Delhi is worst - people are wearing masks when they go out. Apparently they have air purifier everywhere - from car, balcony (one friend has 5 in his house), office clubs and yes roads too. They tried cloud seeding with no effect. Another friend was saying he and his wife went to Bhopal, another is in Himachal, the richer would have to gone to Swiss. But we don’t talk about the auto driver, bus driver, conductor and the slums which houses 60% maybe more of Delhi and runs Delhi.


I was in a Chikkaballapur - 60 km from Bangalore. Just looking at that space I felt - can i live here, if nothing I will breath some fresh air and maybe grow something in the side. Many of us want to do especially on the other side of 40 but no one is listening. While things are better managed it’s no different - polluted lakes, droughts, sanitation issues. 


There is nothing much we want to do - we just continue to live. The same life which from an environment n health perspective is being worse but thank to all convenience and discounts we have a perception that we are leading a happy life. Everything comes packaged at your doorstep right in time to put the masala on your pan - Just 10 mnts.


Some of us who are wiser won’t do that and if we do at least be wise to order an organic product. But for other it’s the palak on time - doesn’t matter where it was grown, how, what water, what soil. The curry is on time and we are all happy that we had a nutritious meal. Did we ?


It's been 3 and half years trying to do something. But, working in climate sector is difficult because whatever you do, it still makes you feel inadequate. We know it won’t solve a problem but we tell ourselves - we have taken the 1st step many might follow. Or, let me do my bit, my home, my apartment / neighbourhood. Let me clear one blackspot at a time or plant a tree - if not a forest.
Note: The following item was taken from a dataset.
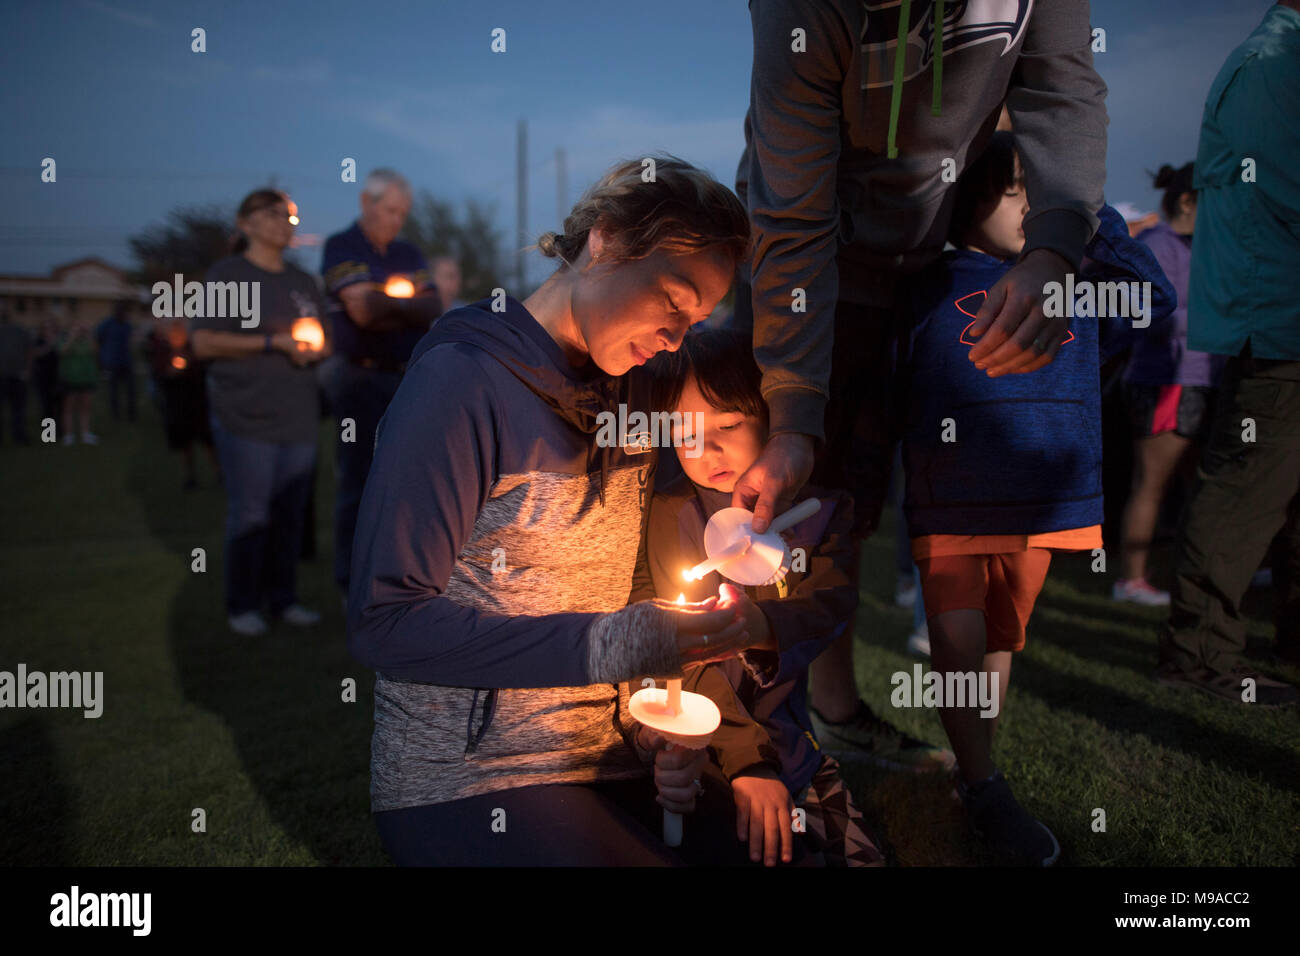 Cathrina and Cylus Rencken mourn at a candlelight vigil in Pflugerville, TX, for the victims of recent Austin package bombs, and to pray for the family of Mark A. Conditt, a resident accused of masterminding the attacks Stock Photo

It’s a daily set of check list I have - wash the plastic - store it, convince everyone around not to orde and if they do, avoid getting hot soup (a constant demand in this weather), compost my wet waste, was vegetables and fruits. It’s a battle inside & outside the house.


As we often say “There is no Planet B”. And there is one home 🙂 and one life.
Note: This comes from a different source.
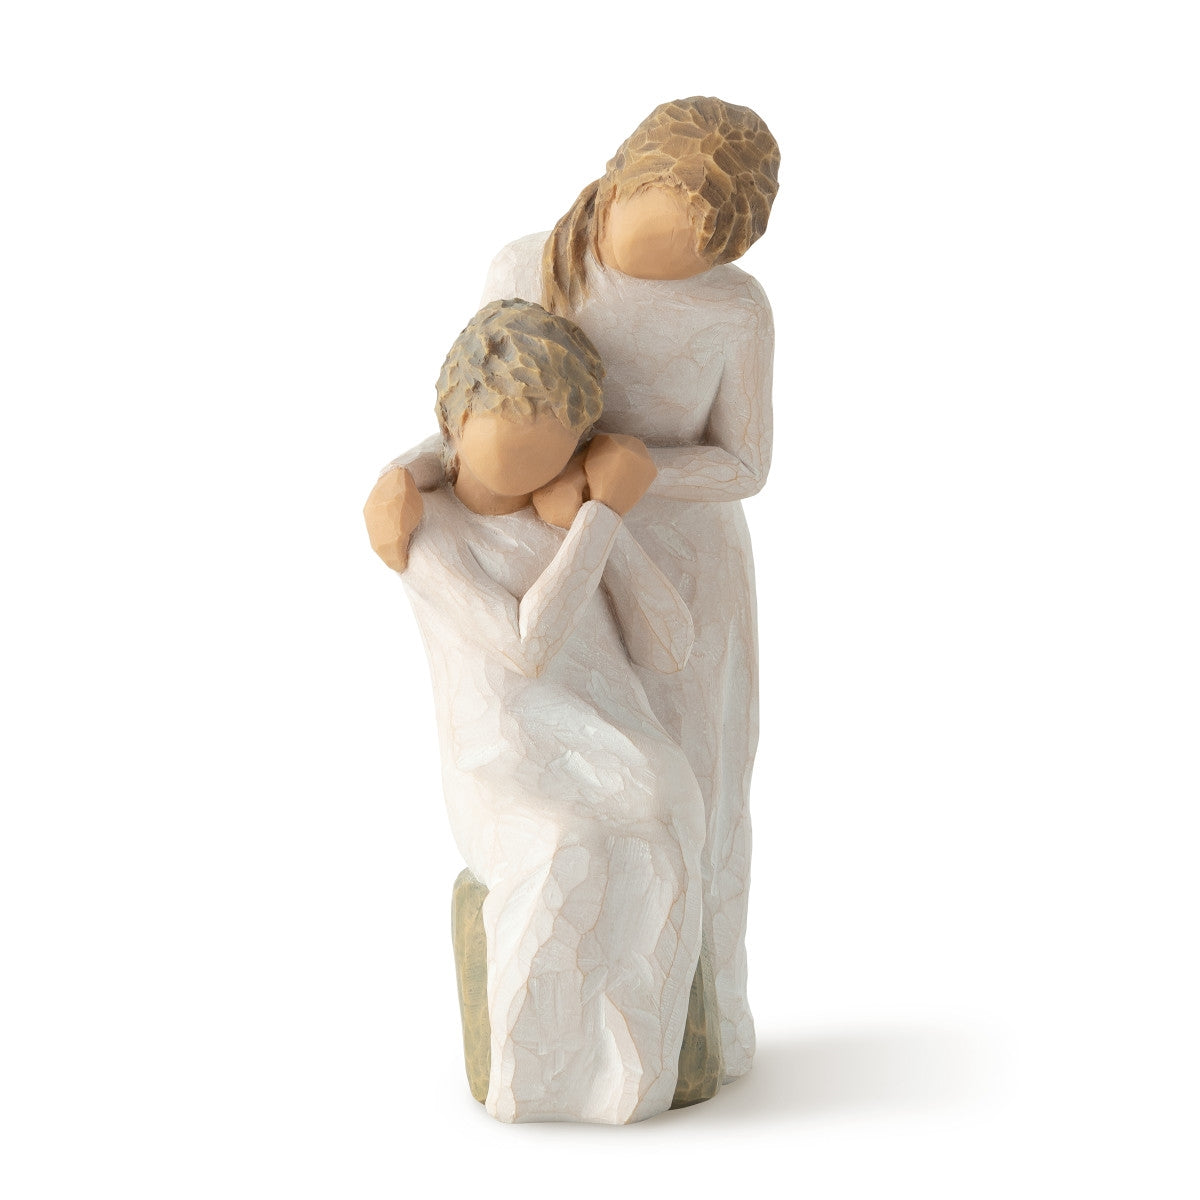 Loving My Mother Willow Tree® Figurine Sculpted by Susan Lordi

Saturday, November 15, 2025

A week of Discovery - Thru Art

Last week I saw “Meanwhile Elsewhere” - for the first time something done by Mallika Sarabhai and her troupe which I always wanted to see. Based on Invisible cities - Italo Calvino. It was an experience to be cherished, like a magnum opus which u want to experience and not judge (like we do after all plays - movies - books). For a change I did not want to - I just wanted to experience the colors, the music, and enjoy the movements. 


2 movies which RE- defined SLOW & WHAT CAN A LESBIAN RELATIONSHIP BE


THERE ARE FOUR FLOWERS & THERE’S THE WORLD

The first movie of Achal Mishra I saw was Gamak Ghar and I fell in love with his film making. Slow, great photography like poetry which lingers on an image or a face, real & local conversations ’s and a touching story told without much fanfare. Most artists are local and unknown faces so it’s almost like you take a handycam and shoot a movie - but in his hand it becomes a painting. Then I saw Dhuin and now this…
A documentary on hindi writer Vinod Kumar Shukla who is 88 years old and has won numerous awards and has collaborated with Mani Kaul for his movies and wrote scripts etc. 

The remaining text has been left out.